‘They call us gay for a reason’: Kansas LGBTQ activists talk about embracing a policy of love

Activists from Loud Light and Mainstream Coalition speak out about struggles with current political climate

By: - February 27, 2023 8:49 am

Jae Moyer and Melissa Stiehler, LGBTQ activists, discuss the state’s political climate during a Feb. 21, 2023 podcast. (Sherman Smith/Kansas Reflector)

TOPEKA — Melissa Stiehler remembers her experience as the first girl to come out at her high school, back in 2006, at the height of “don’t ask, don’t tell.”

She remembers seeing anti-gay marriage signs scattered across her neighborhood, and hearing homophobic rhetoric in the bathrooms and locker rooms.

“It was incredibly lonely,” Stiehler said. “I started LGBT activism at that point in time, basically, to make other gay friends, so I knew I wasn’t alone.”

Today, as an advocacy director with Loud Light, Stiehler is one of several activists embracing a policy of love amid a slew of anti-LGBTQ legislation. She and Jae Moyer, engagement coordinator with Mainstream Coalition, spoke about the current political climate during a Feb. 21 recording of the Kansas Reflector podcast.

Moyer’s journey followed a similar trajectory as Stiehler’s. Moyer was the first person in their high school to come out, as well — in the eighth grade, during former Gov. Sam Brownback’s administration. 

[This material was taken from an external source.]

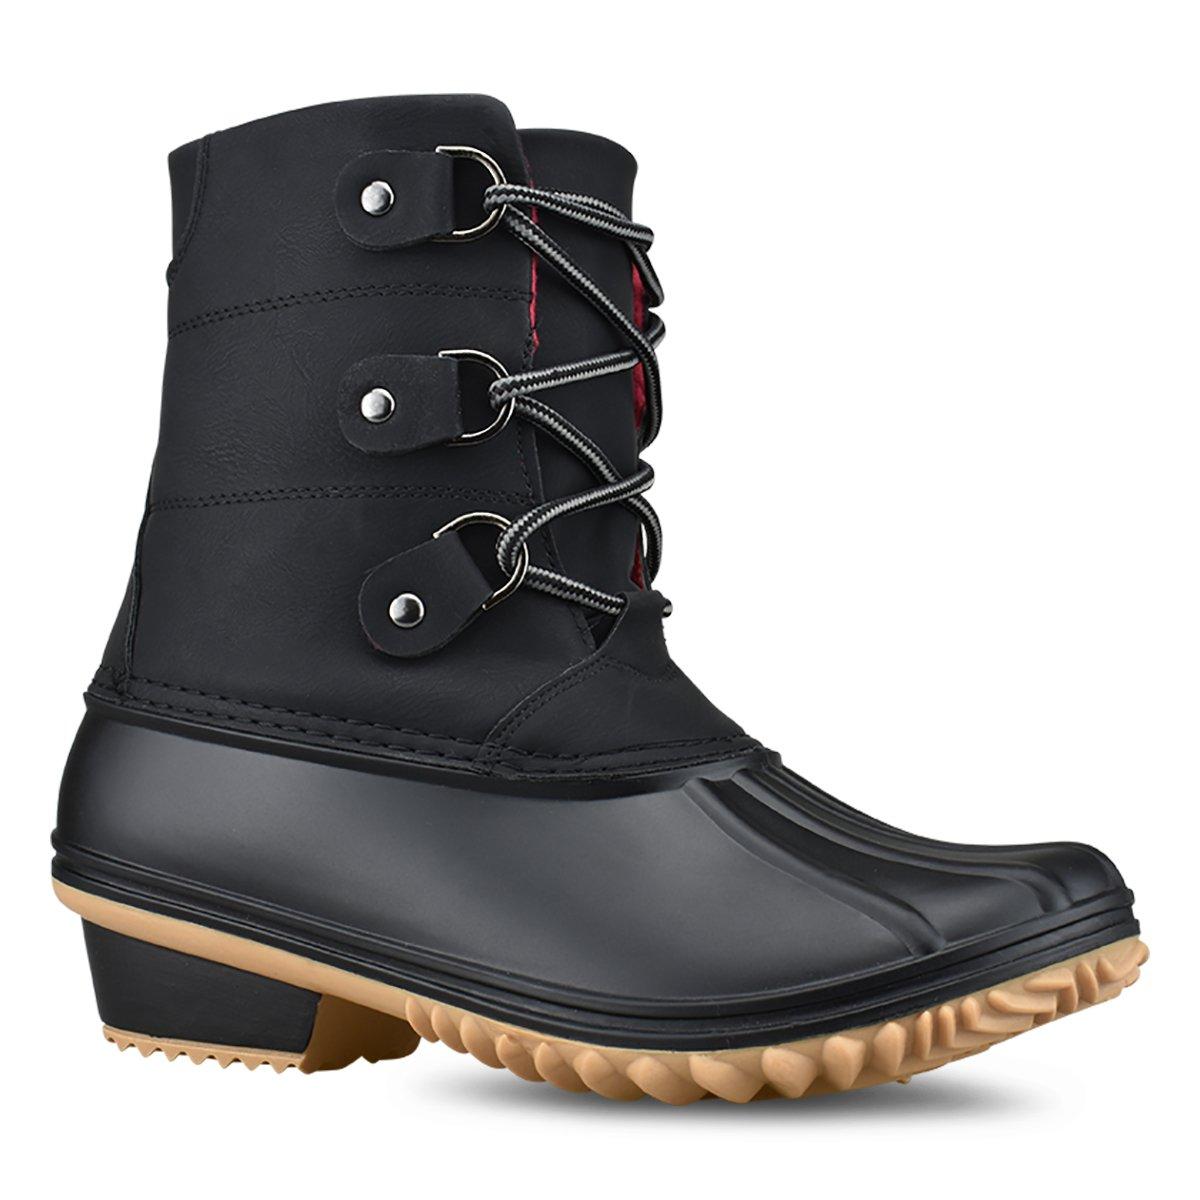 Premier Standard Women Stitching Lace Up Side Zip Waterproof Insulated Snow Boots B07974XS8V 8.5 B(M) US|Premium Black

By the time Moyer was a senior at their Overland Park high school, they were the president of their high school’s equality club and campaigning against anti-transgender bills. Years later, they are still making trips to the Statehouse to fight similar legislation.

Last week, the House passed a transgender student athlete ban and the Senate passed a bill banning doctors from providing gender-affirming care to minors. Some lawmakers described gender-affirming care as a form of mutilation.

One week in February was referred to as “hate week,” because of the amount of anti-LGBTQ legislation debated. During the week, Republican lawmakers argued for the removal of local anti-discrimination protections, as well as a bill that would ban transgender and intersex women from female-designated public spaces.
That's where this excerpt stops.